▸ Task requirements
Retype each record below word for word. Leave the pictures out.
(Given data)
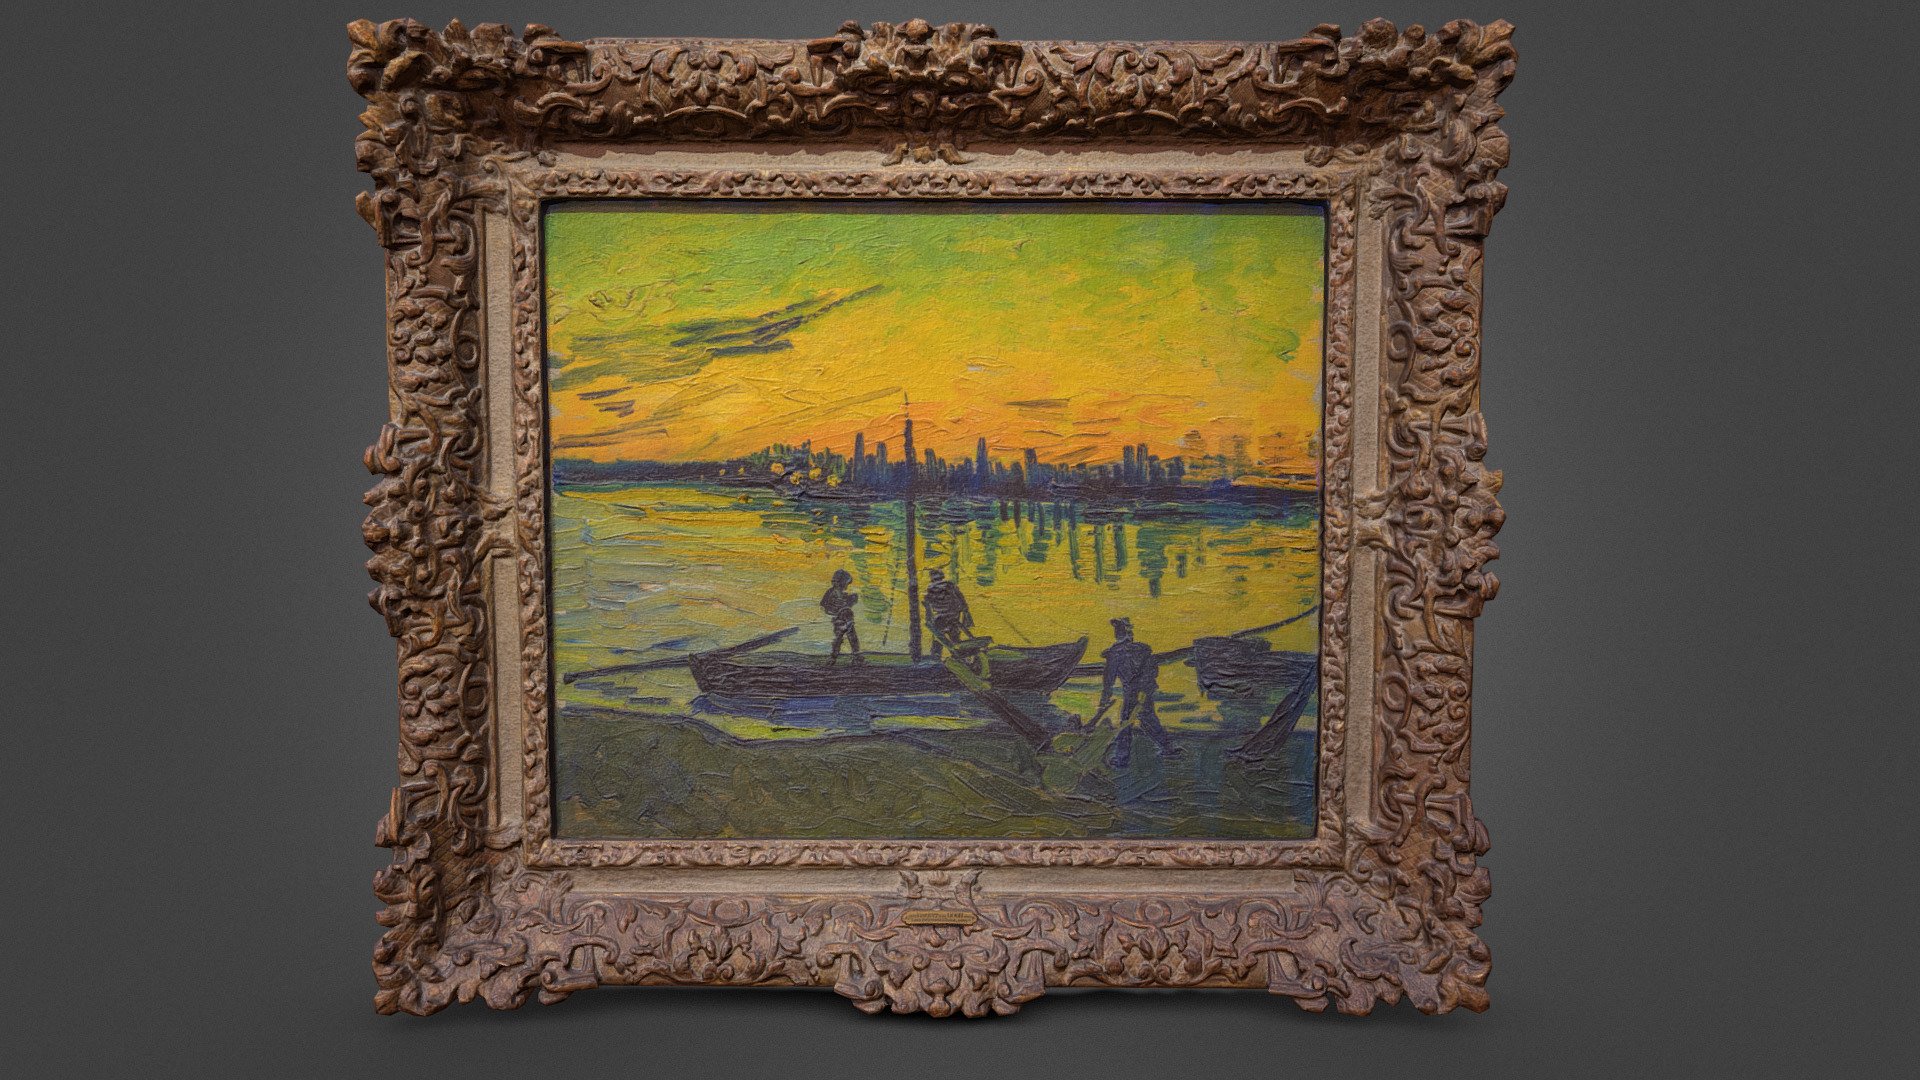 The Stevedores in Arles
1888
Oil on canvas. 54 x 65 cm
Museo Nacional Thyssen-Bornemisza, Madrid
Inv. no. 557 (1965.7) - Vincent van Gogh - The Stevedores in Arles - 3D model by Morty 3d model
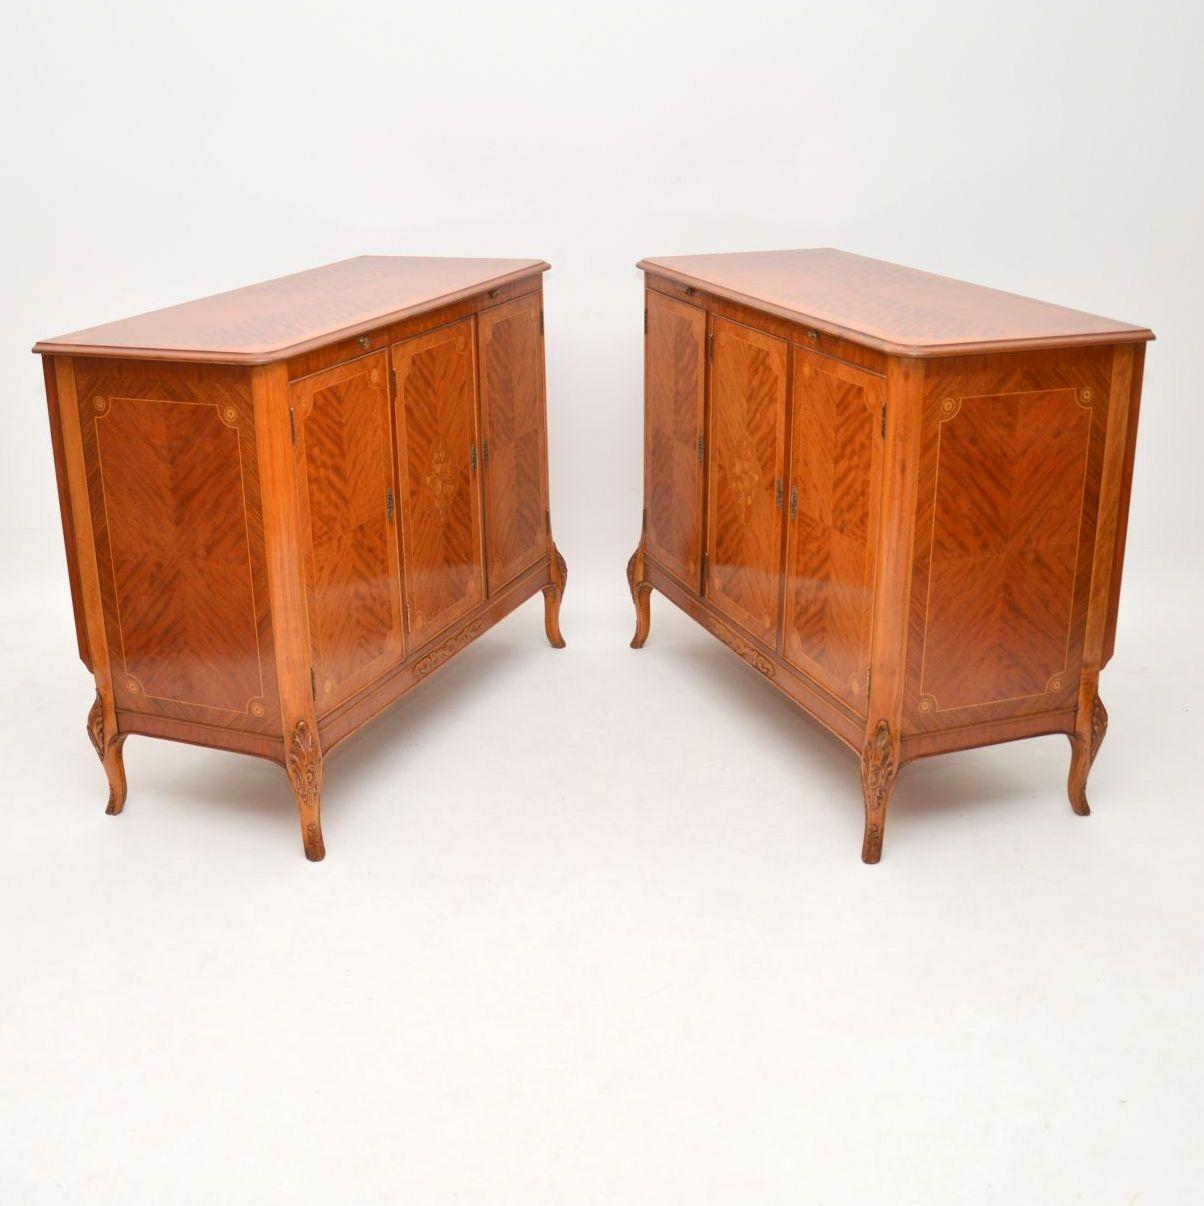 Pair of Antique French Style Inlaid King Wood Cabinets 5
(End Given data)
▸ Output for this task
 The Stevedores in Arles
1888
Oil on canvas. 54 x 65 cm
Museo Nacional Thyssen-Bornemisza, Madrid
Inv. no. 557 (1965.7) - Vincent van Gogh - The Stevedores in Arles - 3D model by Morty 3d model
 Pair of Antique French Style Inlaid King Wood Cabinets 5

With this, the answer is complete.